There are generally one or two luggage racks provided in each coach. However, they vary in size, and, for example, coach D on Cross-Country Voyager trains, there are two extra-large luggage racks at one end, which links to the bike storage area. Each rack is as large as two smaller racks in the other coaches. Also, apart from luggage racks at either end of the coach, there are usually overhead luggage racks provided for smaller hand carry baggage.

Future Fleet

Virgin Trains East Coast has announced that there will be brand new trains called “Virgin Azuma” Class 800/801 in service in 2018 for Intercity Express Programme. There will be 23 sets of new trains with formation of either five or nine coaches for each set [29, 30]. They are built with the intention of increasing the capacity of the train and the line. However, Bradbury and Dyall [31] have reviewed that some of the spaces originally for luggage space have been converted to seats.
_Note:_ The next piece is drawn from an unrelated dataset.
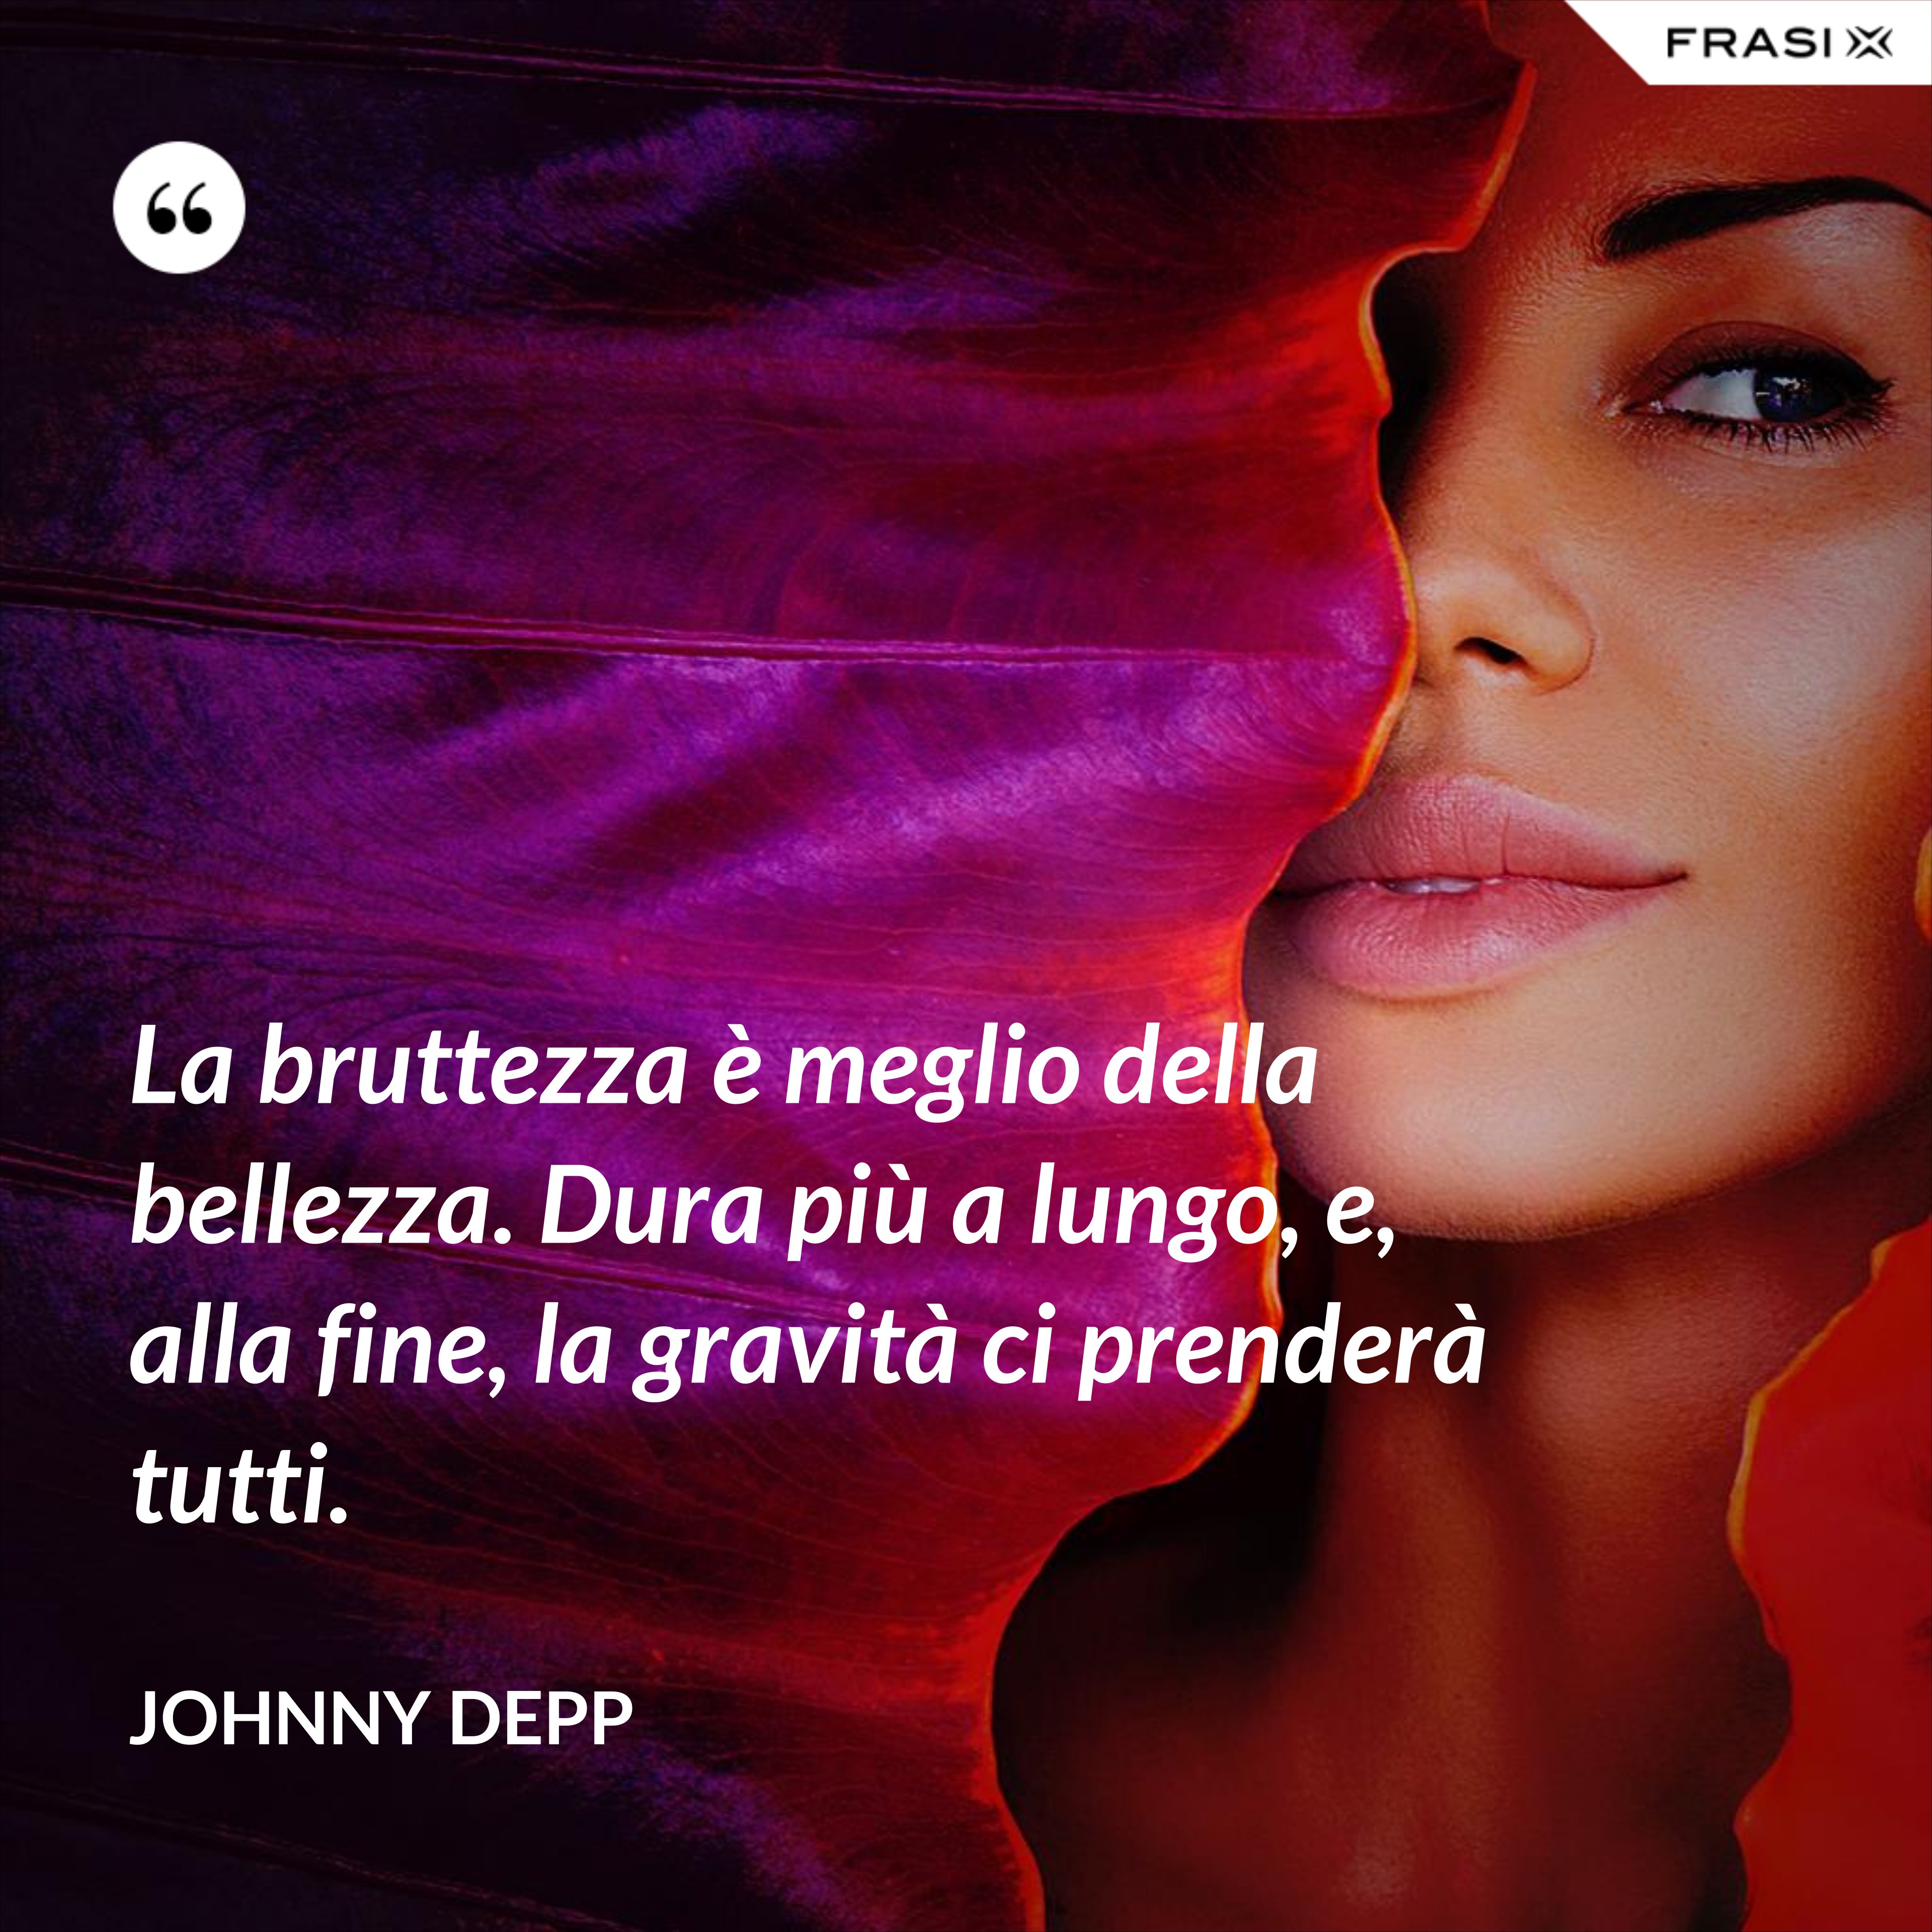 La bruttezza è meglio della bellezza. Dura più a lungo, e, alla fine, la gravità ci prenderà tutti. - Johnny Depp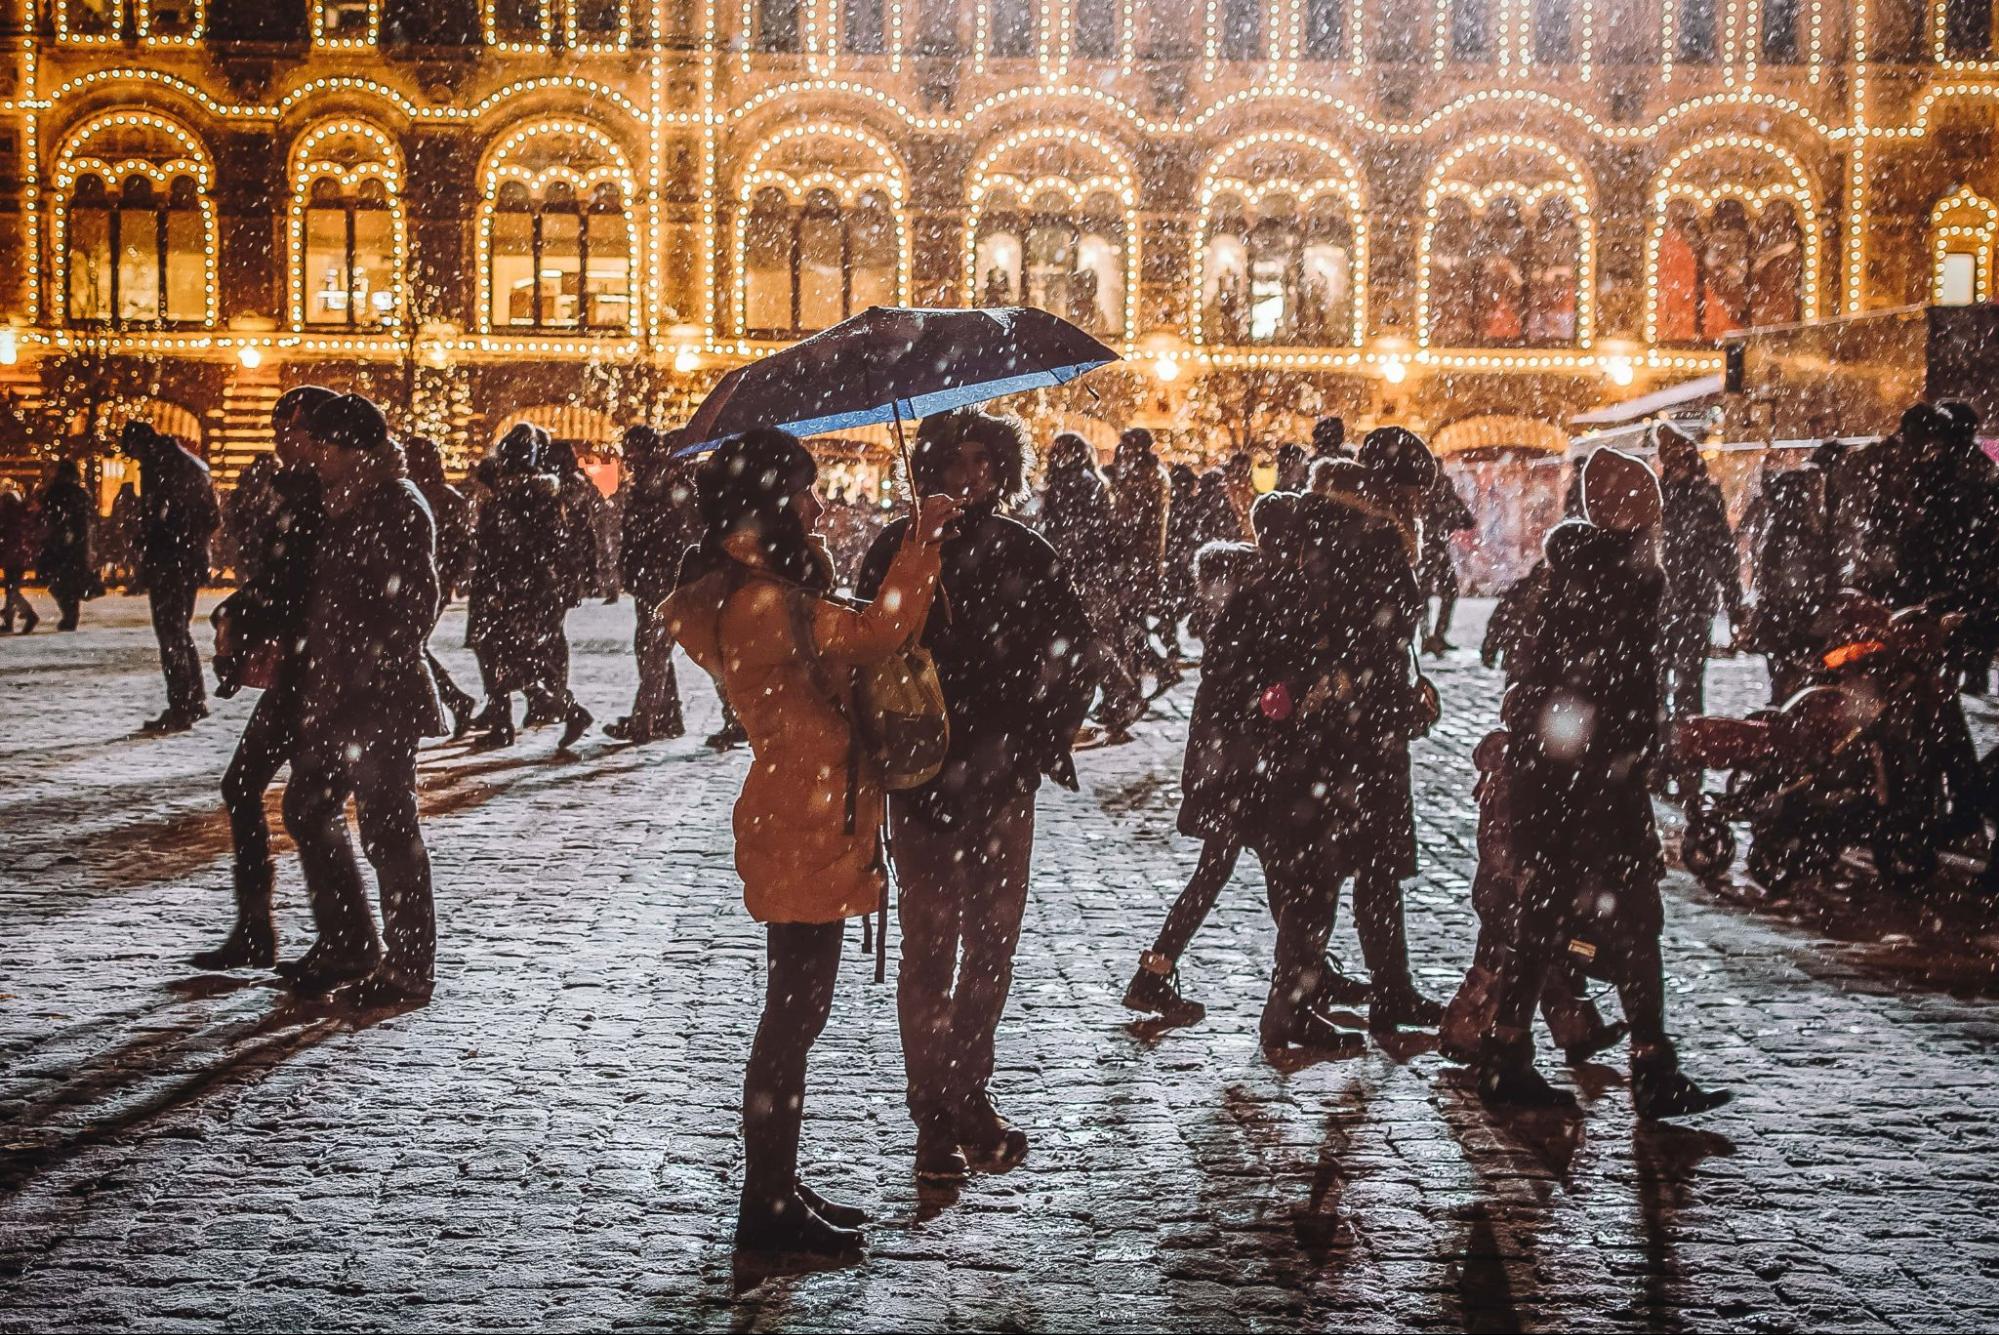 A couple under an umbrella walk through a lit plaza as the snow falls.

Also, there is a great reduction in table seats, which means that the space between the back of two seats becomes unavailable to passengers to put their luggage between.

Fleet Comparisons

Table 1 shows a summary of each train type in UK. Class 185 from First Transpennine Express has currently the lowest rack-to-seat ratio for standard class passengers. Both train types for cross-country trains has the highest number of racks per seat in standard class. But it is noted that due to the huge size of the luggage racks on Coach D of the Voyager trains, it has been treated as two racks on each side.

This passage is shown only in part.